Lost 350 of my starting 1500 early with KJ on a king-2-2 board, facing a turn raise. Villain was straightforward player (and a luckbox, won 6 out of first 7 pots), and KJ was no good there. Easy fold, but lots of chips to lose early.

Soon after doubled up with aces vs. jacks. 2200 chips kept me in the running.

Played mostly straightforward. My table draw was excellent for awhile and stole a couple blinds until it got late and it was shovey-shovey time. Nobody was ready for this and I kind of froze the table for a round or two.

Then the tables combined from three into two and 2 excellent players got seated to my right. Damn. They started with the blind stealing and whatnot. It took me awhile to get a bead on one of the players - his raise size gave away the strength of his hand, but I didn't get a chance to do anything about this. I'll be ready next month and beyond, though.

After the second break, blinds went up and I had 7 left.

I probably screwed up my last hand. Early position guy (one of the two good players) raises 2.5 and the other good player flat calls with a nice size stack. I look down at pocket fours. Ugh. Facing both of them is suicide, but my reraise all in might be enough to knock one out and race. The flat call bothered me the most- he had the chips to race me. Do I really fold a pair with 7 blinds left?

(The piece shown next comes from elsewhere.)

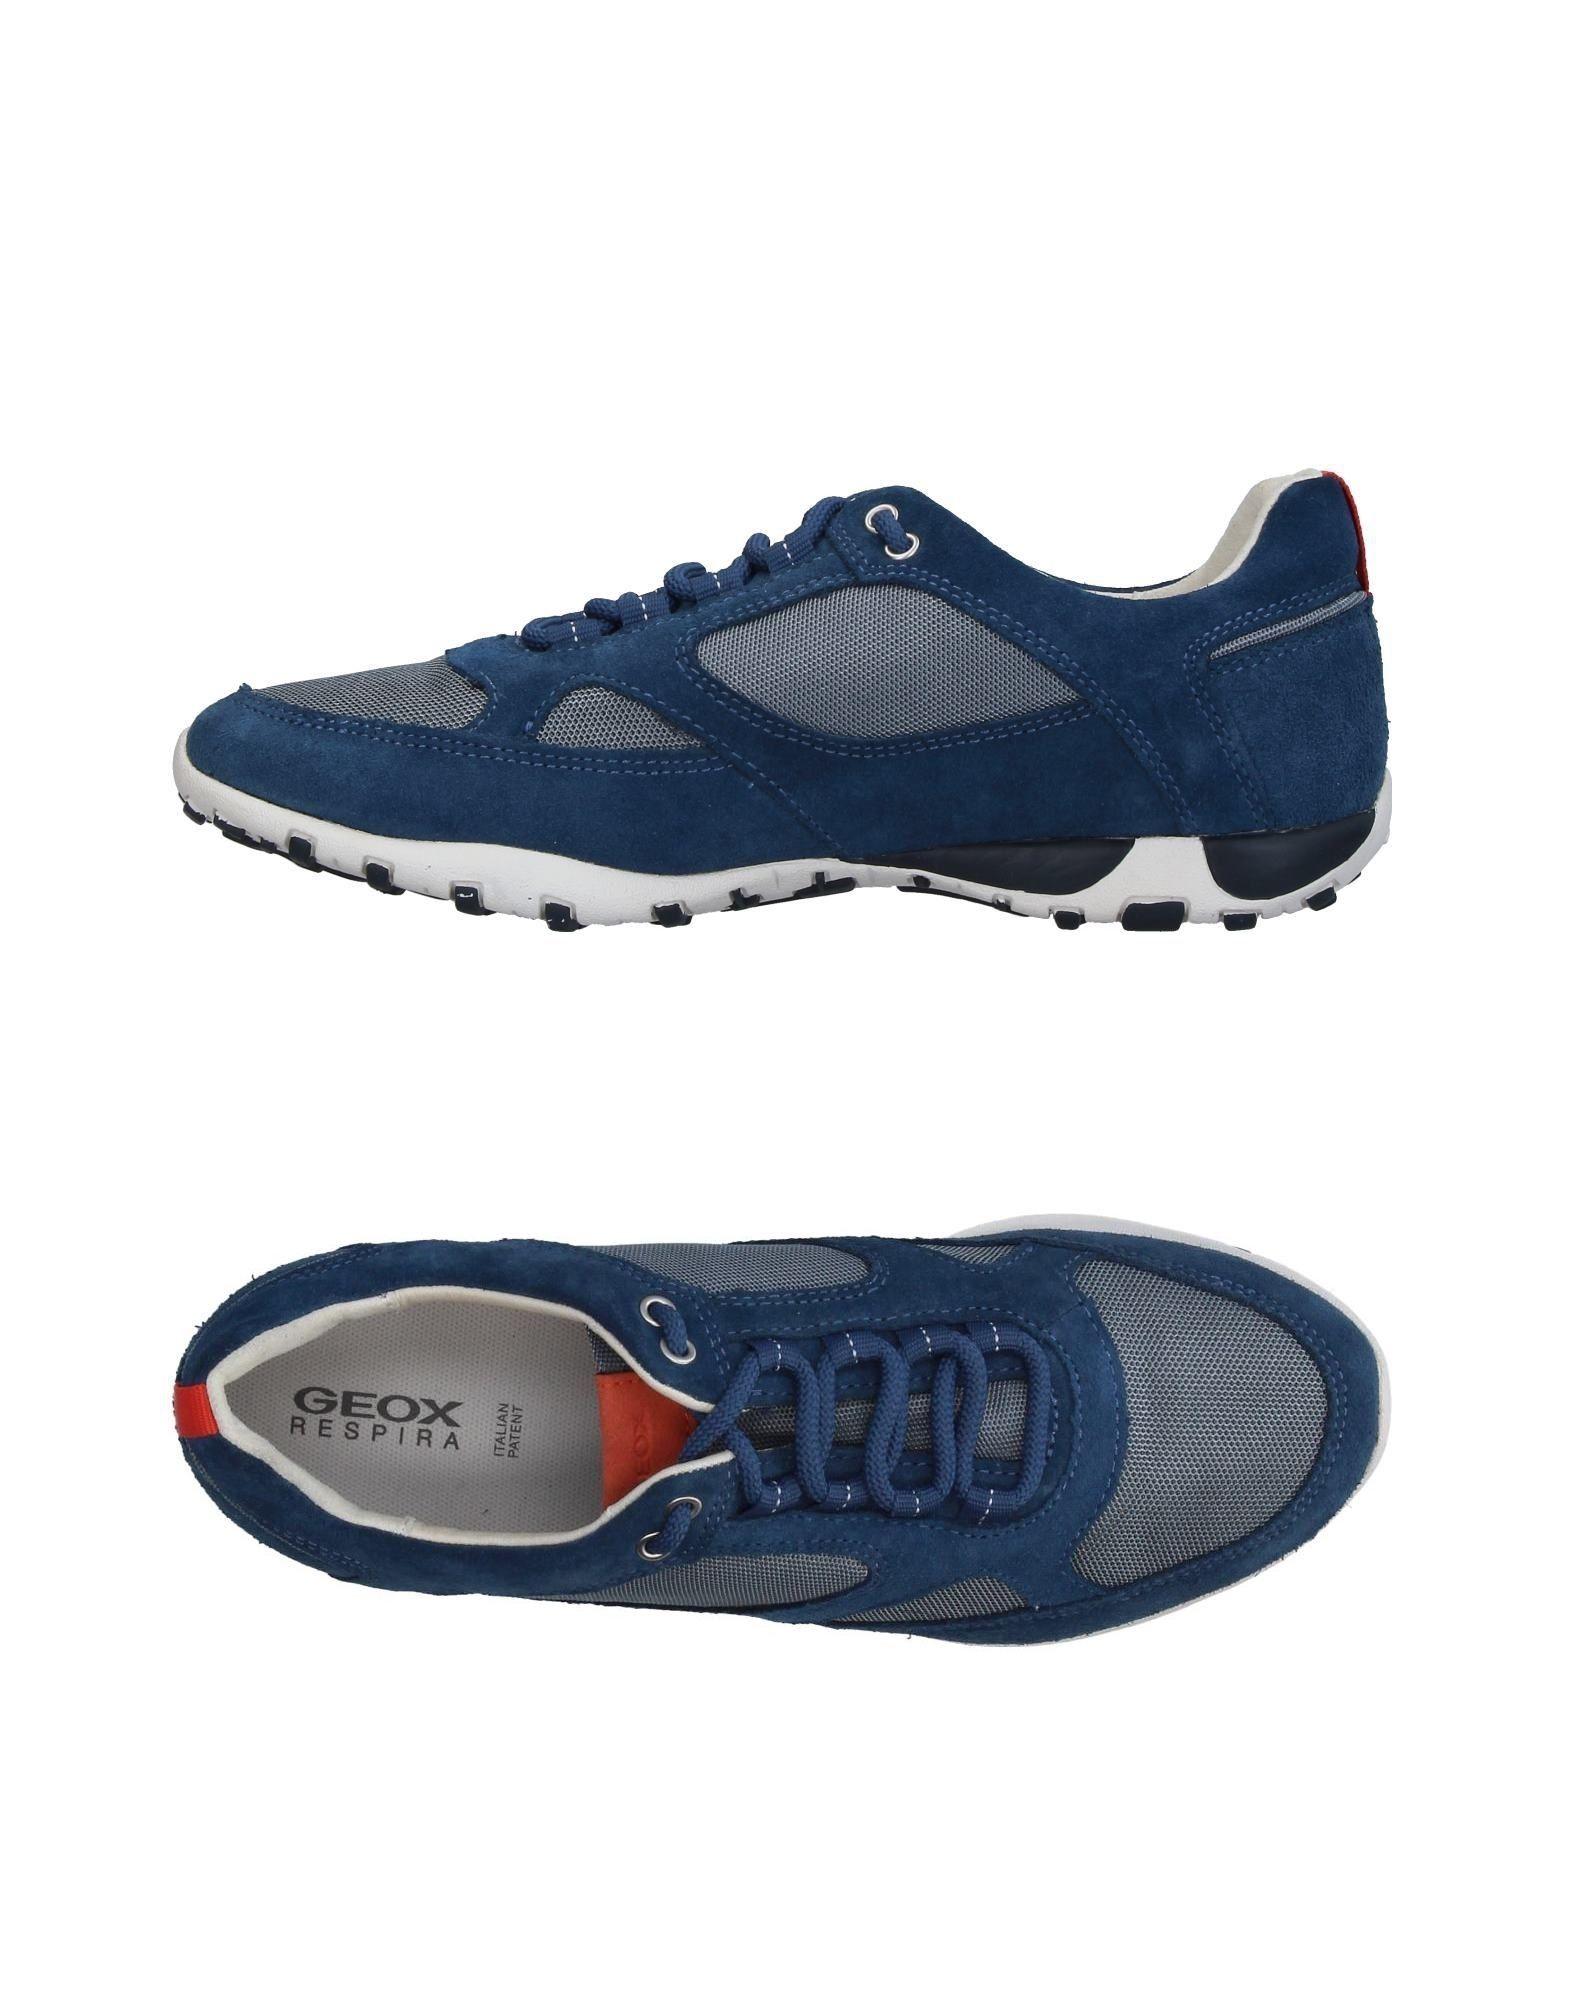 Geox Sneakers Damen  Gute 11415465EC Gute  Qualität beliebte Schuhe a627c2

Probably, but I wasn't good enough to do it. I shoved. Original raiser folded, flat caller called me ... pocket eights. Buh-bye in 17th place.

Fortunately for me, I have learned that the cash games that follow this tourney are really juicy. I stepped into a nice and friendly .50/.50 holdem only game and started busting things up. These guys wanted to limp into every pot and see a flop. I wanted to raise my good hands, imagine that! They still wanted to see a flop, even after my raise, and I made nice money either hitting flops or cbetting their weak range away.

I think I might have tilted one of my Friday night friends. He likes to bet, bet, bet. Raises lots of pots, sometimes without the cards to do so. Bets every street, even before seeing the next card come. His aggression is admirable - his thoughtfulness about what he might be betting into, not so much.

I don't think he liked that I three bet him a couple times. I wasn't playing around - I had the cards and situations to do so. I was ahead of his range, and I knew he would call with worse.

The last time was a classic tilt flameout. Someone straddled to $1. He raised it to $2. I made it $5 with ace-king. He called.

Flop... ten (crap).... six (double crap).... ace (whew).

He open shoves $20 into the $12 pot.

Let's see, top/top hand, drawless board (check the suits one more time - yep, rainbow), and a tilted opponent sick of my raising? Yup, I'm ahead of his range. I call.

jack-ten suited - the one suit that isn't on the board. 5 outs to beat me. Money went in as a 4-1 favorite, and the numbers held. Big pot, tilted friend heads for the rail and home.

A couple more pots like that one, and I recoup my $50 tourney buy in for a dead-even night.